2. Build the image. You can use the following command:
`docker build -t forecaster_img .`
Here `forecaster_img` is the name given to the container (you can choose any name).
3. Note the following before running the container for train, batch prediction:
- The train, batch predictions tasks require a bind mount to be mounted to the path `/opt/model_inputs_outputs/` inside the container. You can use the `-v` flag to specify the bind mount.
- When you run the train or batch prediction tasks, the container will exit by itself after the task is complete.
- When you run training task on the container, the container will save the trained model artifacts in the specified path in the bind mount. This persists the artifacts even after the container is stopped or killed.
- When you run the batch prediction task, the container will load the trained model artifacts from the same location in the bind mount. If the artifacts are not present, the container will exit with an error.
- Container runs as user 1000. Provide appropriate read-write permissions to user 1000 for the bind mount. Please follow the principle of least privilege when setting permissions. The following permissions are required:
- Read access to the `inputs` directory in the bind mount. Write or execute access is not required.
- Read-write access to the `outputs` directory and `model` directories. Execute access is not required.
4. Run training (Optional):
- Training is not required.
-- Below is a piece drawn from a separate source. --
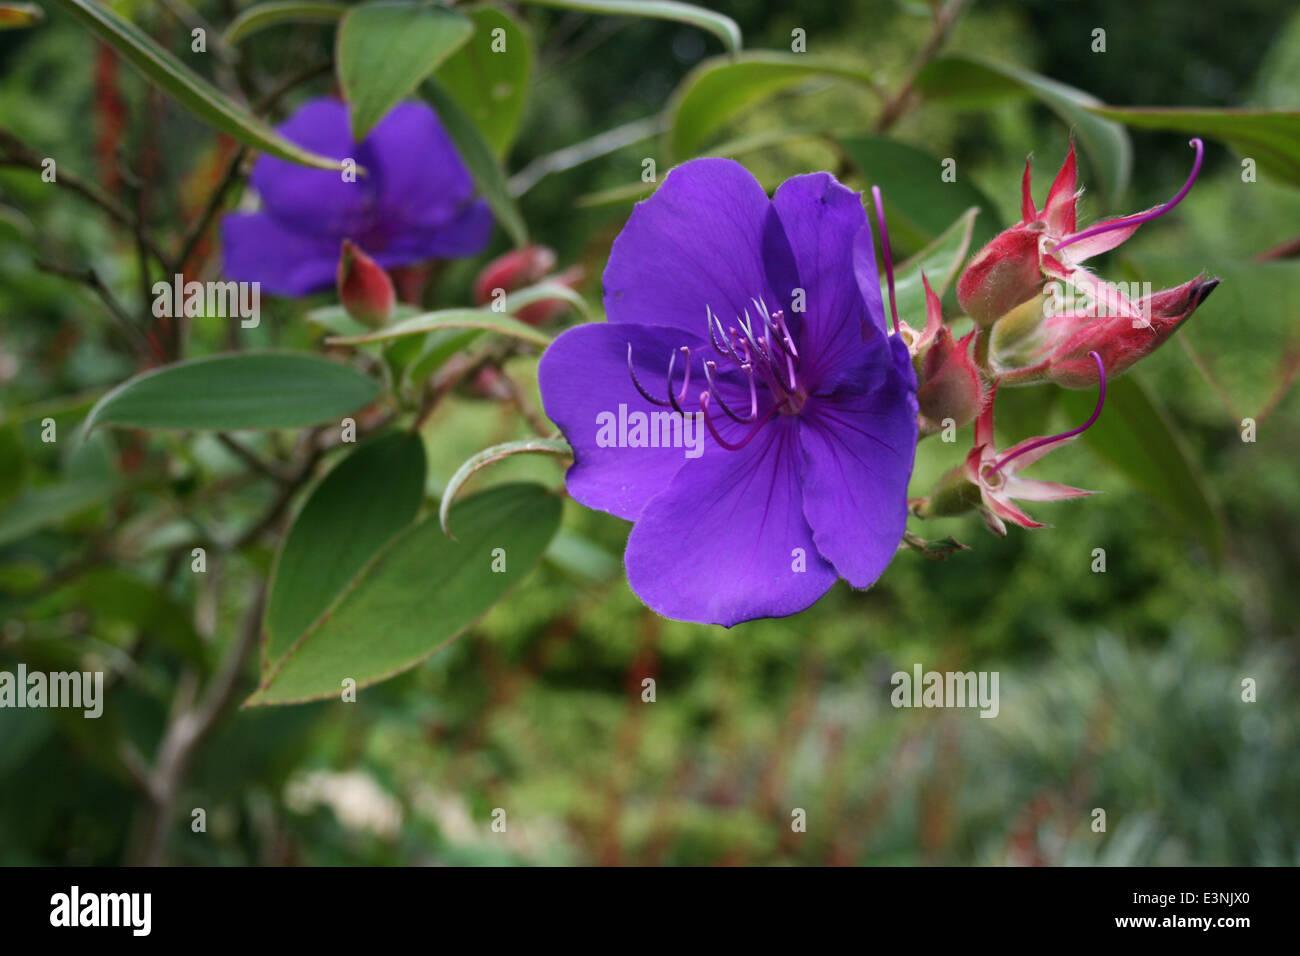 Prinzessinnenblume violett - Stock Image
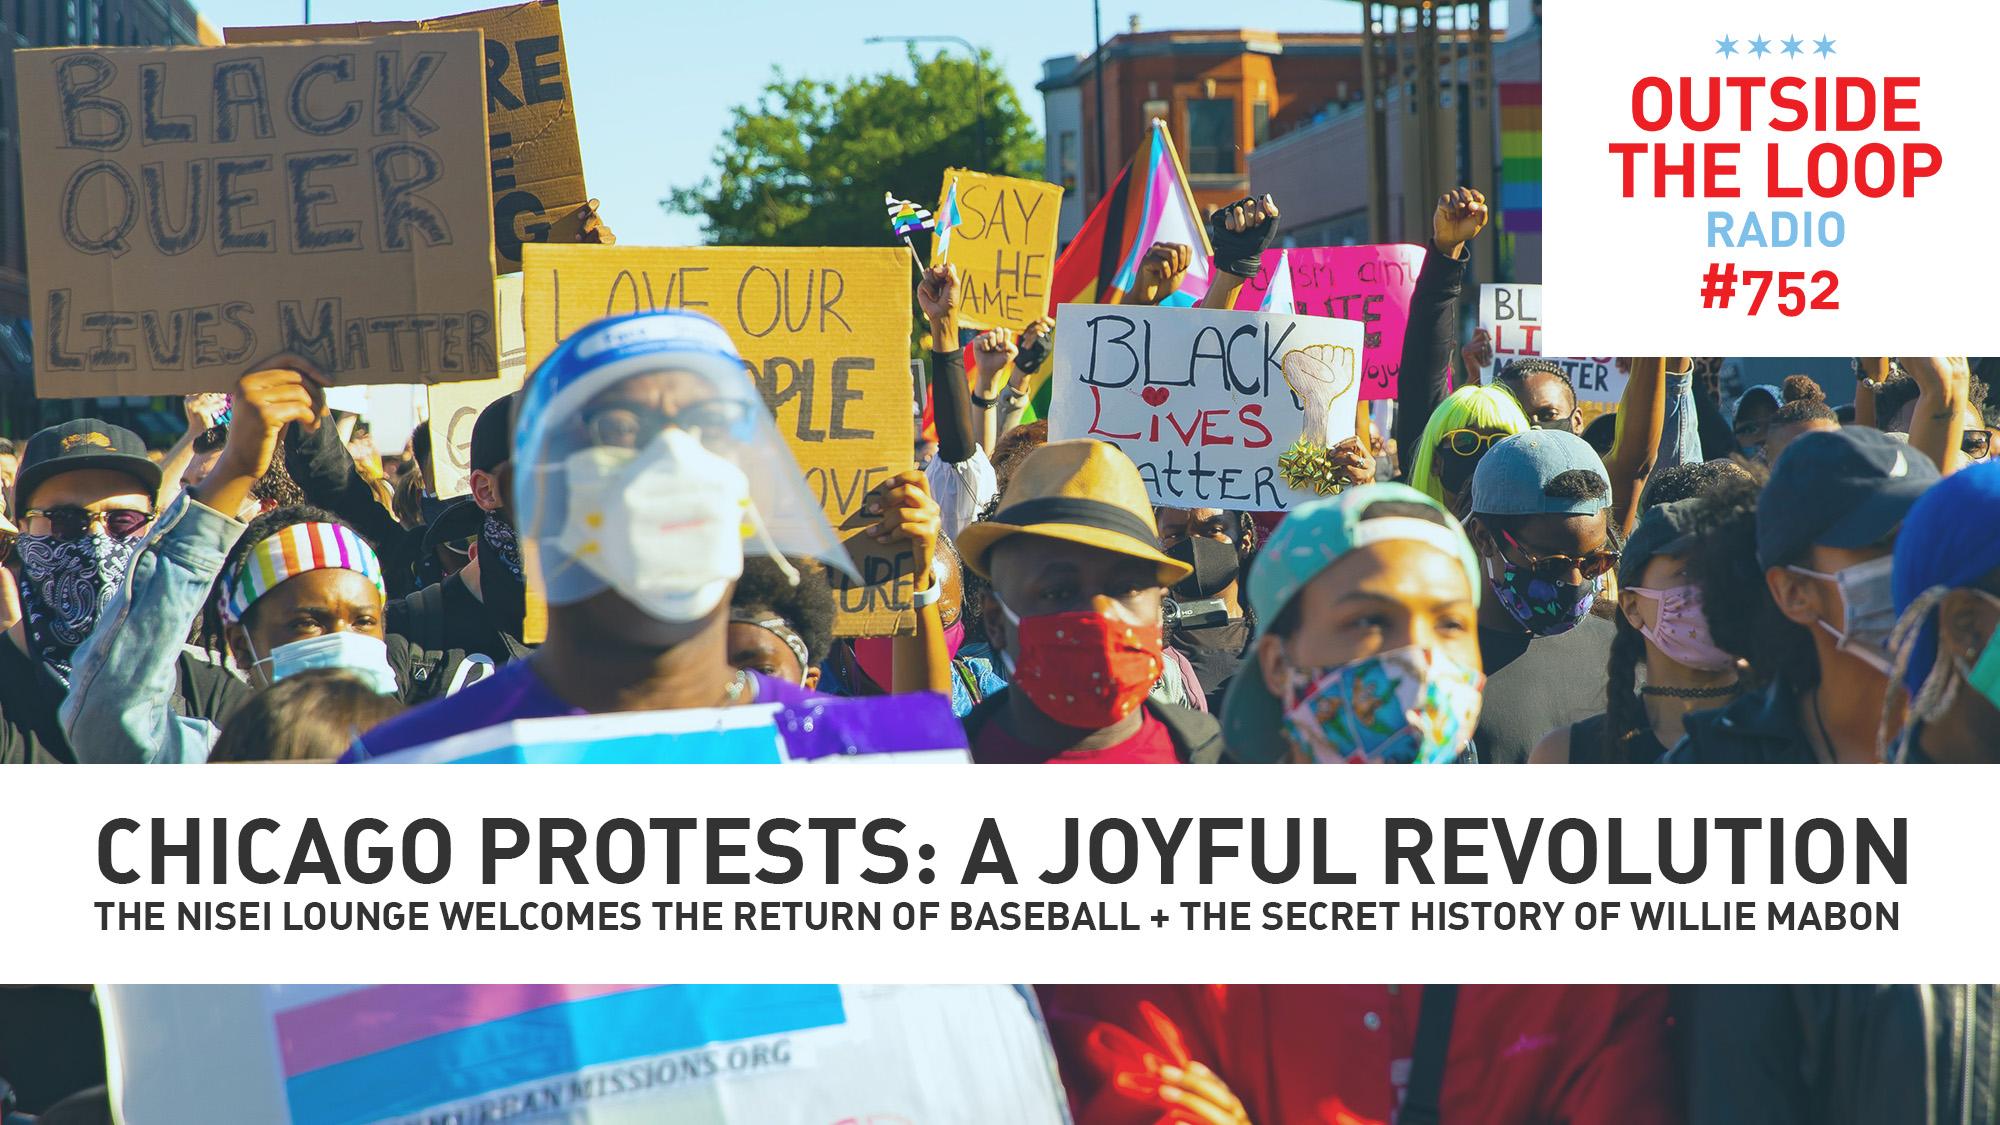 Vashon Jordan Jr. documents local protests. (Photo Credit: Vashon Jordan Jr. Used with permission.)

Still, you may run the container with the following command container to conform to the "train-then-predict" workflow:
`docker run -v /model_inputs_outputs:/opt/model_inputs_outputs forecaster_img train`
where `forecaster_img` is the name of the container.
5. To run batch predictions, issue the command:
`docker run -v /model_inputs_outputs:/opt/model_inputs_outputs forecaster_img predict`
This will load the artifacts and create and save the predictions in a file called `predictions.csv` in the path `model_inputs_outputs/outputs/predictions/` in the bind mount.
## Requirements
Dependencies for the main model implementation in `src` are listed in the file `requirements.txt`.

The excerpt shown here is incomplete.